1d array of floats. total_utility_c[c] is the total utility for candidate c (i.e. the sum of c‘s column in matrix preferences_ut).

total_utility_max

Float. total_utility_max is the maximum of total_utility_c.

total_utility_mean

Float. total_utility_mean is the mean of total_utility_c.

total_utility_min

Float. total_utility_min is the minimum of total_utility_c.

total_utility_std

Float. total_utility_std is the standard deviation of total_utility_c.

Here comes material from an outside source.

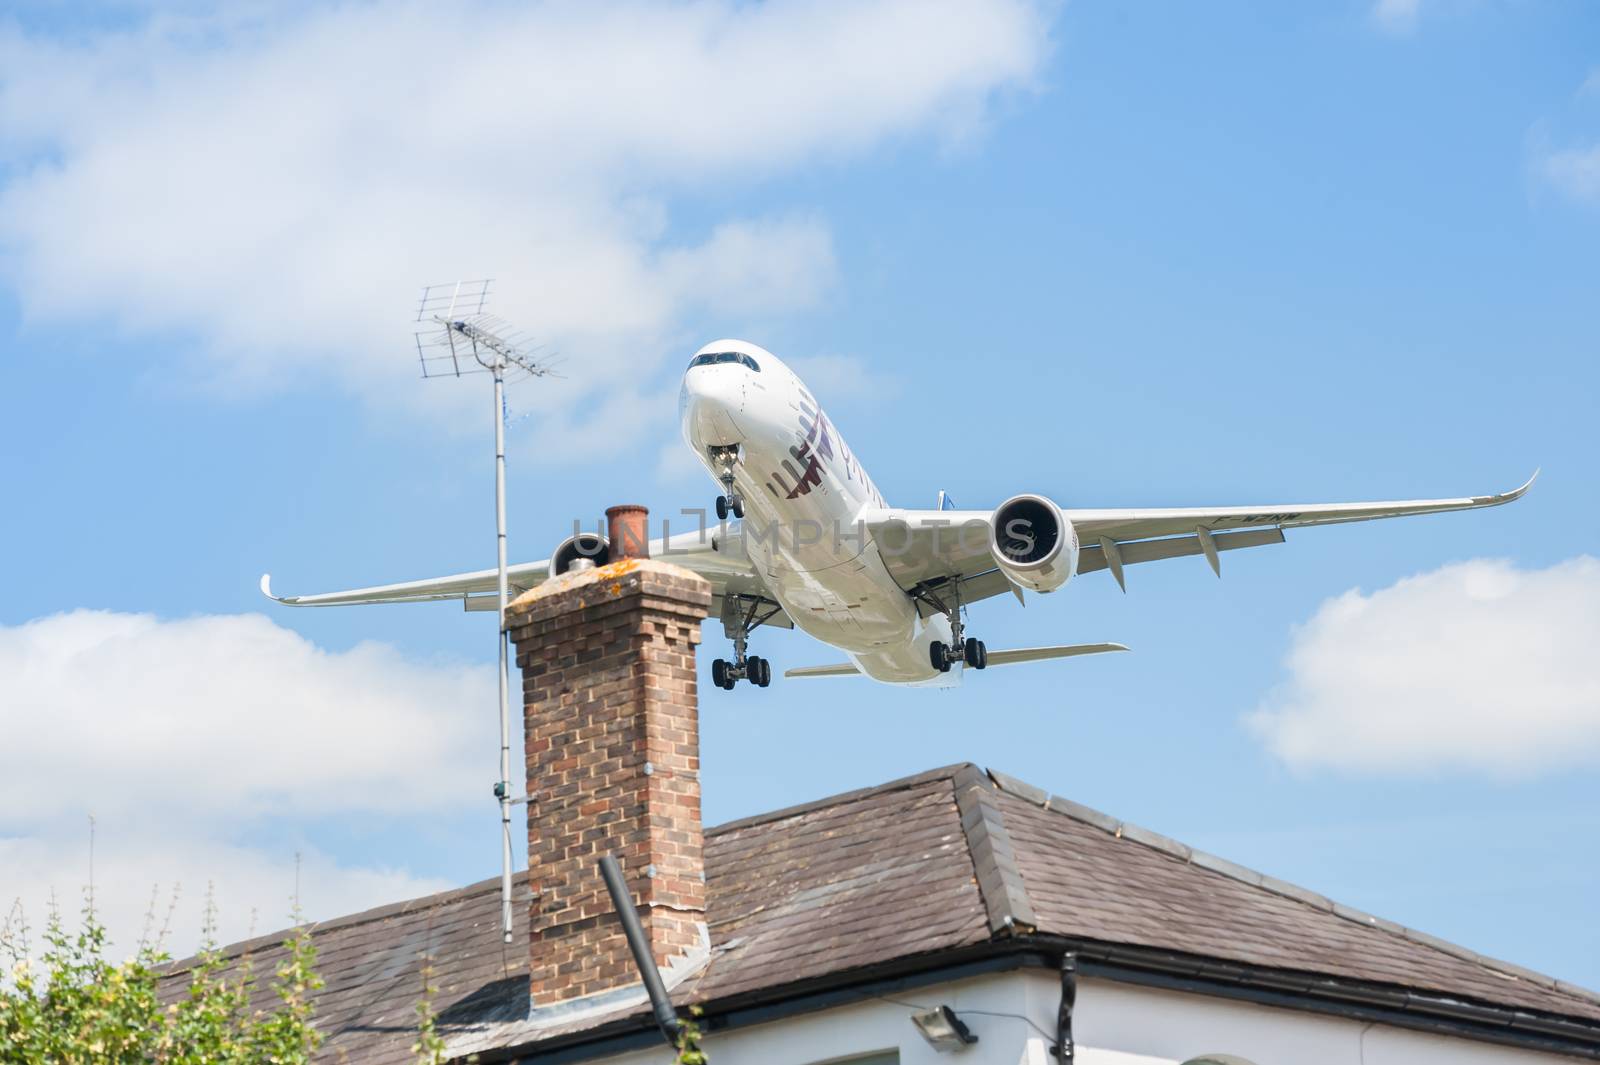 Farnborough, UK - July 14, 2014: Qatar Airways Airbus A350 on landing approach over rooftops to participate at the Farnborough Airshow,  UK

v_has_same_ordinal_preferences_as_previous_voter

1d array of booleans. v_has_same_ordinal_preferences_as_previous_voter[v] is True iff voter v has the same preference strict order (row in preferences_rk) and the same preference weak order (row in preferences_borda_ut) as voter v-1.

By convention, it is False for voter 0.

weak_condorcet_winners

1d array of booleans. weak_condorcet_winners[c] is True iff candidate c is a weak Condorcet winner, i.e. iff no candidate d has a relative victory against c (in the sense of matrix_victories_ut_rel).